Art. 5.a) Voor de toepassing van de bepalingen van artikel 4 van deze collectieve arbeidsovereenkomst, wordt de persoon, die samenwoont met de arbeider(ster) en van zijn (haar) gezin deel uitmaakt, gelijkgesteld met de echtgenote of echtgenoot. b) Voor de toepassing van artikel 4, §§ 2, 4, 5, 6, 9, 10 en 11 van deze overeenkomst wordt beschouwd als « kind », het wettelijk, gewettigd, aangenomen, erkend natuurlijk of regelmatig door arbeider(ster) opgevoed kind.c) Voor de toepassing van artikel 4, §§ 2, 5, 6 en 9 van deze overeenkomst worden de schoonbroer en de schoonzuster van de echtgenote(oot) van de arbeider(ster) gelijkgesteld met de schoonbroer en schoonzuster van de arbeider(ster).

Art. 6.Behoudens overmacht zal de vergoeding voor werkverzuim voorzien in deze overeenkomst aan de arbeider(ster) slechts worden uitbetaald mits hij (zij) vooraf de werkgever of diens vertegenwoordiger binnen een redelijke termijn heeft op de hoogte gebracht.

De arbeider(ster) moet het bewijs leveren van de gebeurtenis die het verzuim rechtvaardigt en de werkgever kan gebeurlijk het voorleggen van een officieel document verlangen.

Art. 7.Voor de toepassing van artikel 4 van deze overeenkomst zullen alleen als afwezigheid worden beschouwd de gewone werkdagen voor dewelke de arbeider(ster) aanspraak had mogen maken op het loon indien hij (zij) door de reden voorzien in artikel 4 niet belet was geweest te werken.

De onder artikel 4 vermelde vergoeding zal enkel worden uitbetaald indien de arbeider(ster) de verzuimdagen daadwerkelijk aan de voorziene doeleinden heeft gewijd. HOOFDSTUK IV. - Duur

Art. 8.Deze collectieve arbeidsovereenkomst treedt in werking op 19 april 1999 en is gesloten voor onbepaalde tijd.

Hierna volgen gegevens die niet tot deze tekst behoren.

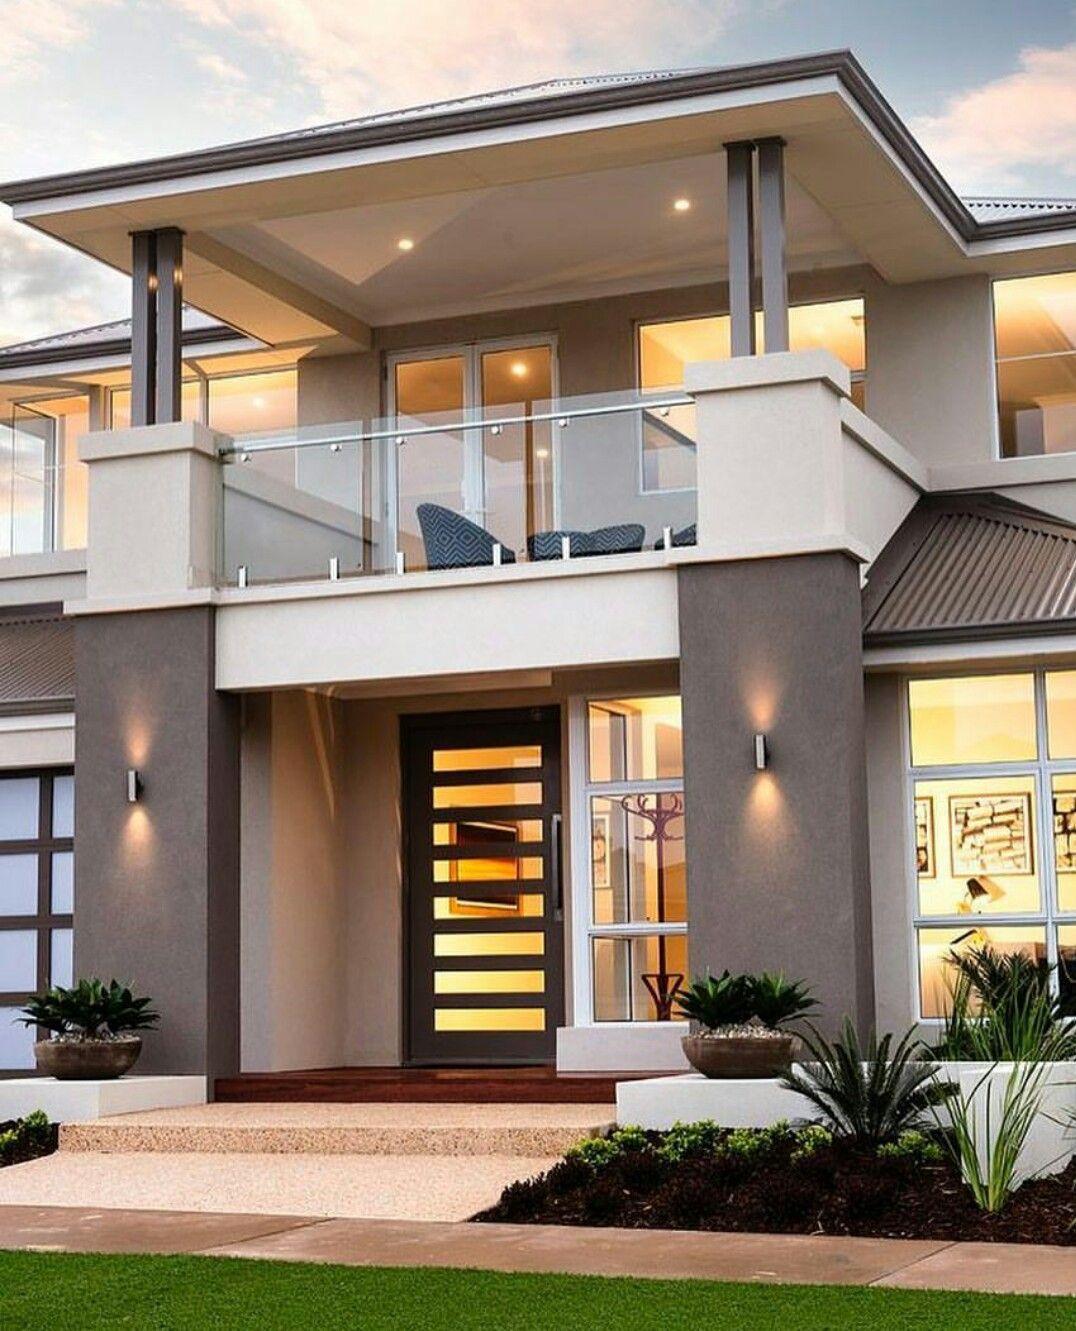 Pin by Melda Avc on arquitectura Modern minimalist house F

Zij kan door één van de partijen opgezegd worden mits een opzegging van zes maanden, betekend bij een ter post aangetekende brief, gericht aan de voorzitter van het Paritair Comité voor de metaal-, machine- en elektrische bouw.

Gezien om te worden gevoegd bij het koninklijk besluit van 18 september 2001.